Even by Chelsea‘s standards, having a different manager in the dugout for each of their last three matches is some going, but it sums up the constant managerial turbulence that has come to define the 2022-23 Premier League season.
Graham Potter was the first appointment of the Todd Boehly era but he was unceremoniously dismissal after just seven months at Stamford Bridge. By sending Potter packing in early April, the Blues brought about the 13th manager change of this Premier League campaign overall. The previous record for a single season stood at 10 sackings.
Of course, the upheaval caused by hiring and firing coaches midseason is generally weighed against the fabled “new manager bounce” that supposedly comes with the introduction of new personnel to add fresh impetus to a jaded set of players and new ideas to change what has gone wrong.
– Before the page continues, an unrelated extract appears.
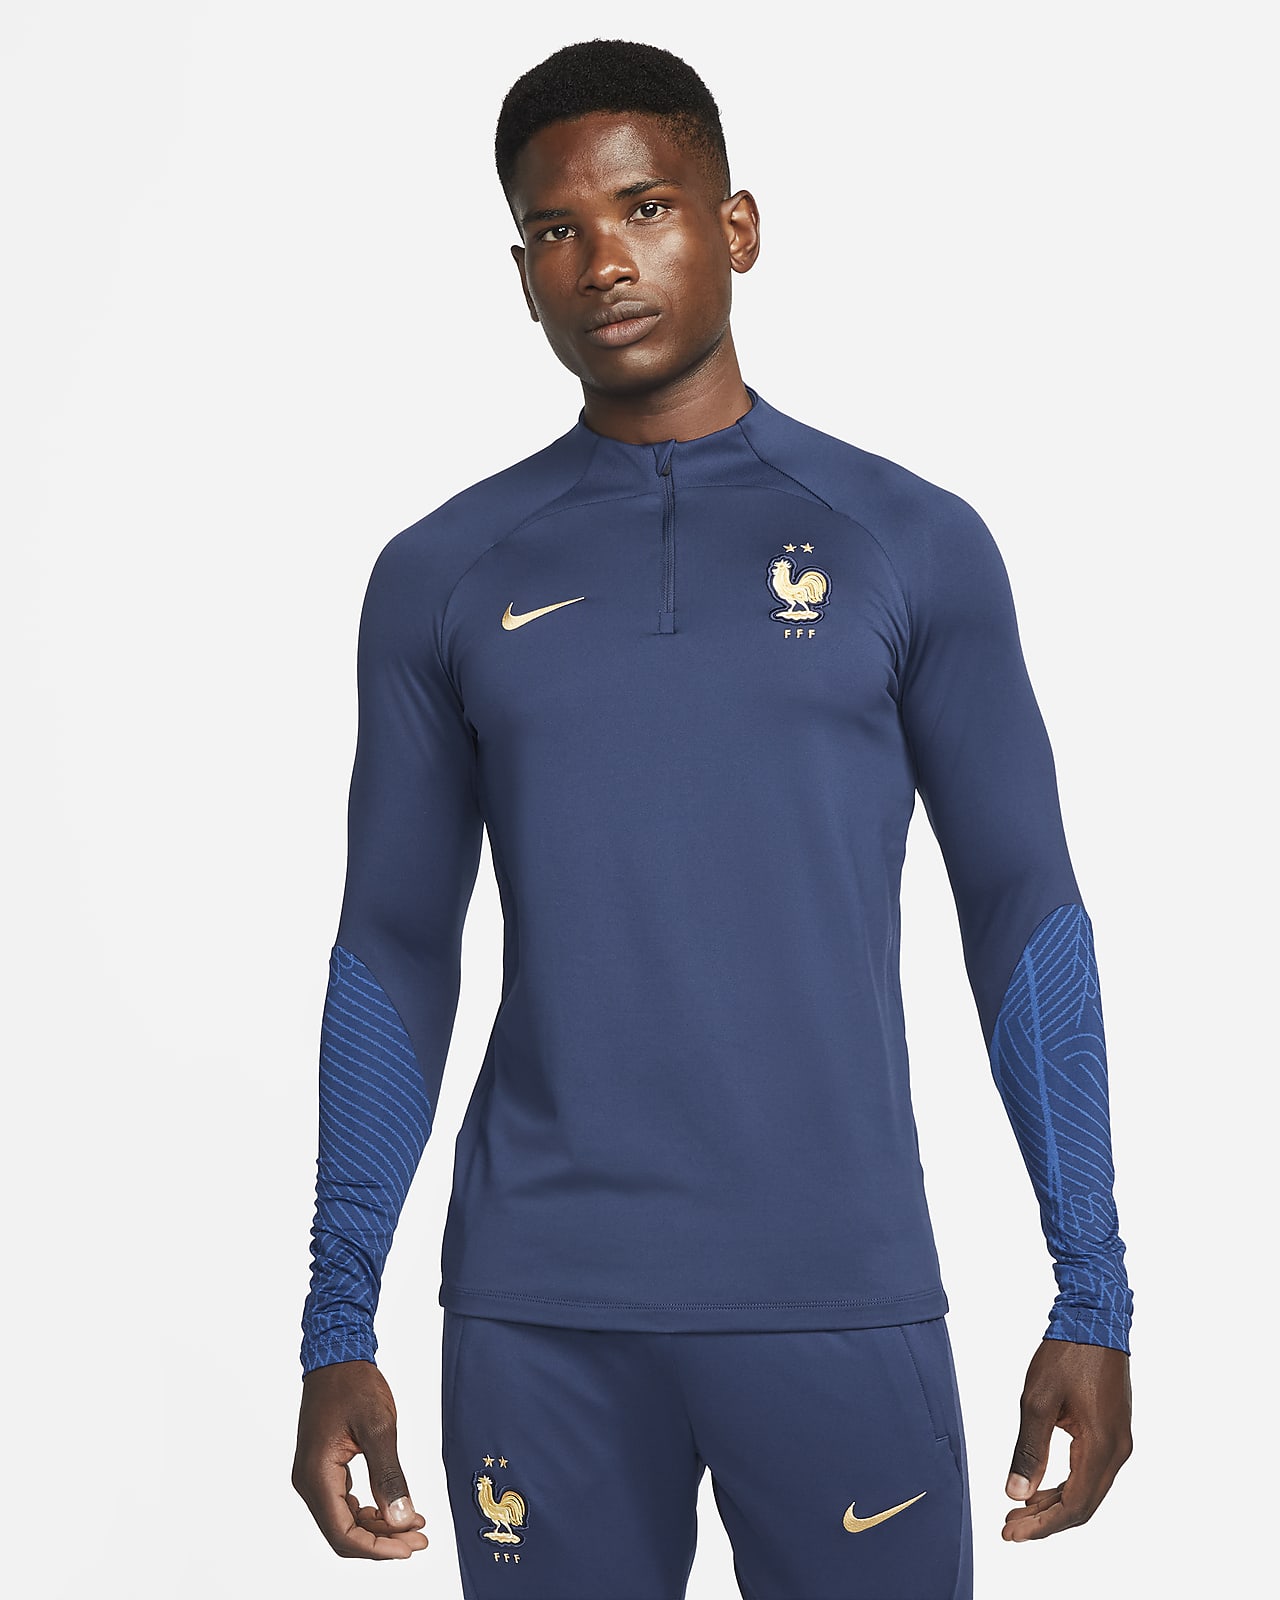 Ανδρική πλεκτή ποδοσφαιρική μπλούζα προπόνησης Nike Dri-FIT Γαλλική Ομοσπονδία Ποδοσφαίρου Strike

But have any of the Premier League clubs who swapped out their coaching staff this season actually benefit from the bounce, or is it simply just a figment of the collective footballing imagination?
Here we assess each new managerial arrival (either permanent or interim, not caretaker) of 2022-23 in chronological order and look at how they each fared in their opening six games to ascertain if any instant improvement in fortunes did indeed take place.
We look at whether each new coach brought about a new manager “bounce” (an immediate and sustained improvement in performances), a “bump” (a temporary but unspectacular upturn) or a “bust” (anything from affecting no discernible change to a further disintegration in form and morale).
1. Gary O’Neil, Bournemouth (replaced Scott Parker on Aug. 30, 2022)
After losing three consecutive games by a cumulative score of 16-0 at the beginning of the season, Parker was sacked just four games in after a particularly brutal 9-0 thrashing at the hands of Liverpool. O’Neil, part of Parker’s coaching staff, was named as immediate successor taking over on an initial interim basis.
Bournemouth picked up 10 points from O’Neil’s first 12 games at the wheel, which in turn earned him an 18-month contract which was signed Nov. 27. The 39-year-old is still in charge at the Vitality Stadium with his side 15th on 30 points, three points above the relegation zone.